BEATS OF LOVE
172. Toulouse by Latin Quarter
OUR WORLD, where Trump apes Putin and Farage apes Trump, can only exist while the very poor are made to be the problem, the designated villain.
A world like this needs something Corbynism once promised: politics that names the powerful, not the poor, as the problem. To protect rising inequality from scrutiny, disguising lies as necessary tools becomes essential. Learning this from Mandelson, McSweeney infiltrated and sabotaged Corbyn's principled movement, installing Starmer to destroy it.

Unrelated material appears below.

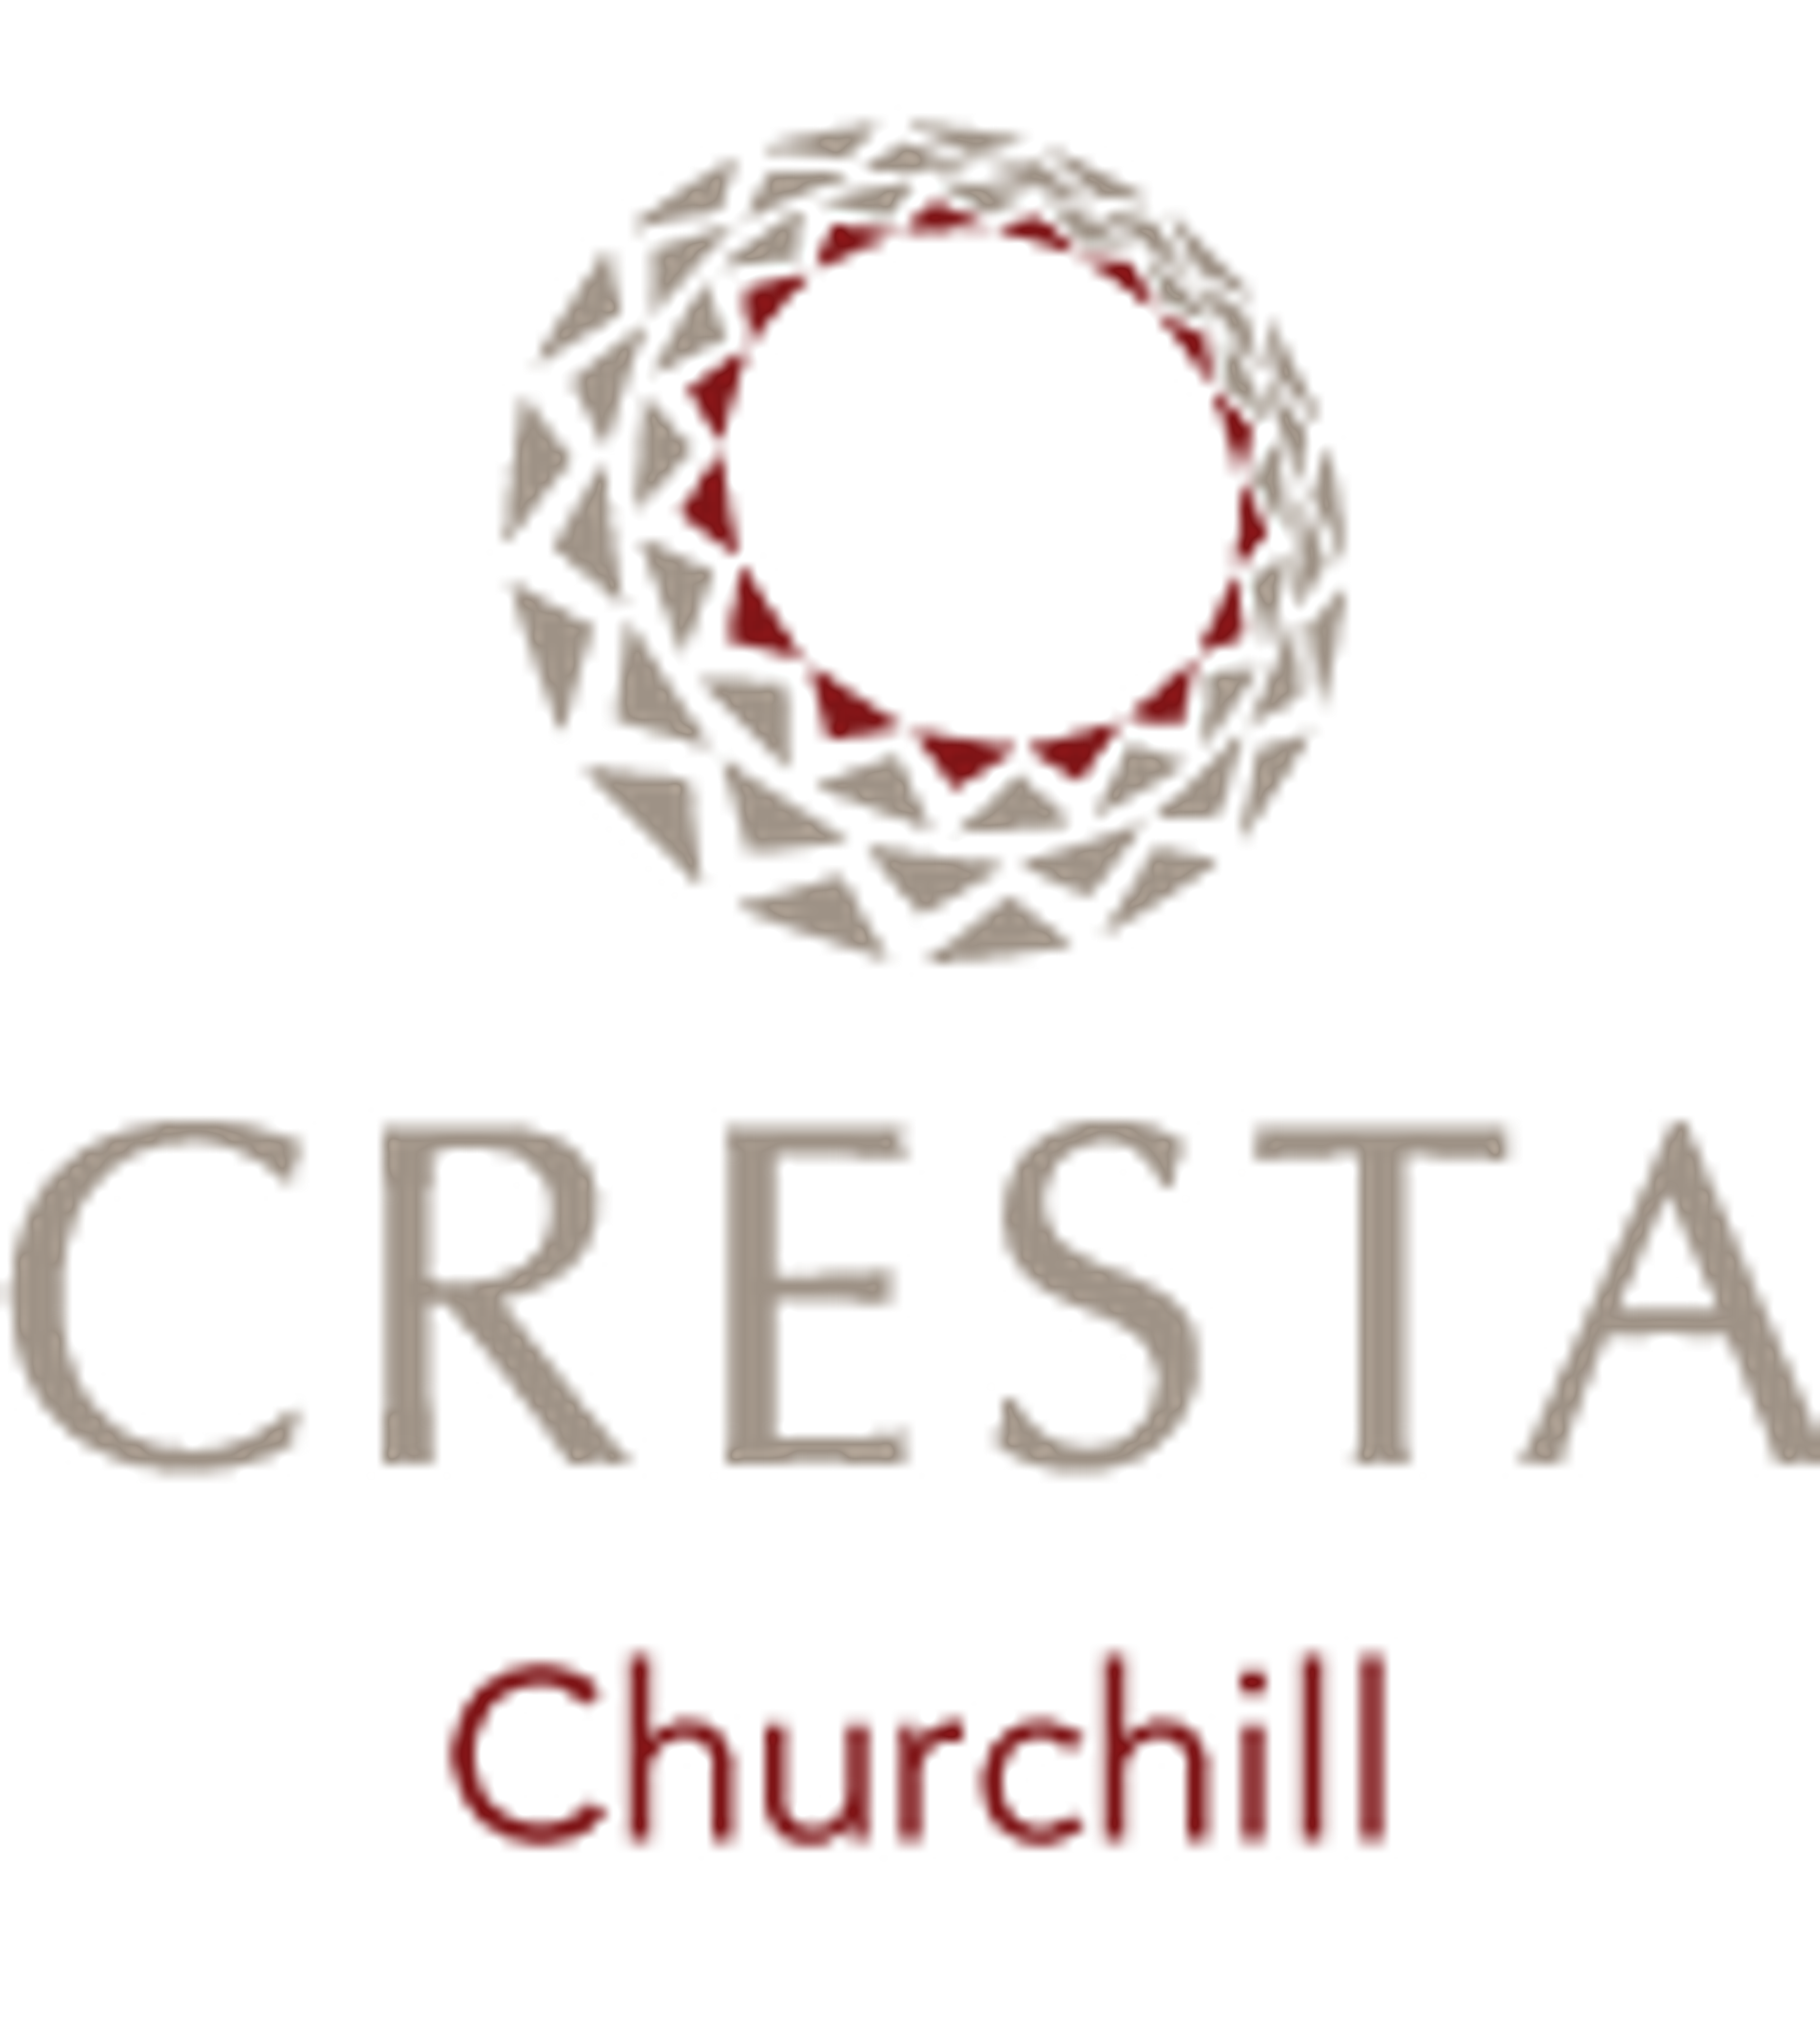 Small Logos For Cresta Churchill

Labour parliamentarians, no longer a rich mosaic of perspectives, but angrily differing on nearly all issues, are united in vilifying Mandelson, tearing at him with bloodlust, as if his ruin might wash the guilt from their own hands. They're embroiled in his politics of deception, betraying the very people they were elected to protect, unable to agree on anything beyond the idea of the next betrayal.
It's why the same architect of this latest labour fiasco, McSweeney, was nowhere to be seen, ensnared in an ambush of his own making; the strategist outmanoeuvred by his own strategy. His head will roll. But the revolving door keeps turning, and the next shadowy face it delivers will be just as committed to deceit.
This is the byproduct of the factional politics now consuming both main parties, obscuring them from the electorate while Farage, never one to miss a photo-op, apes his way through yet another pub side-door.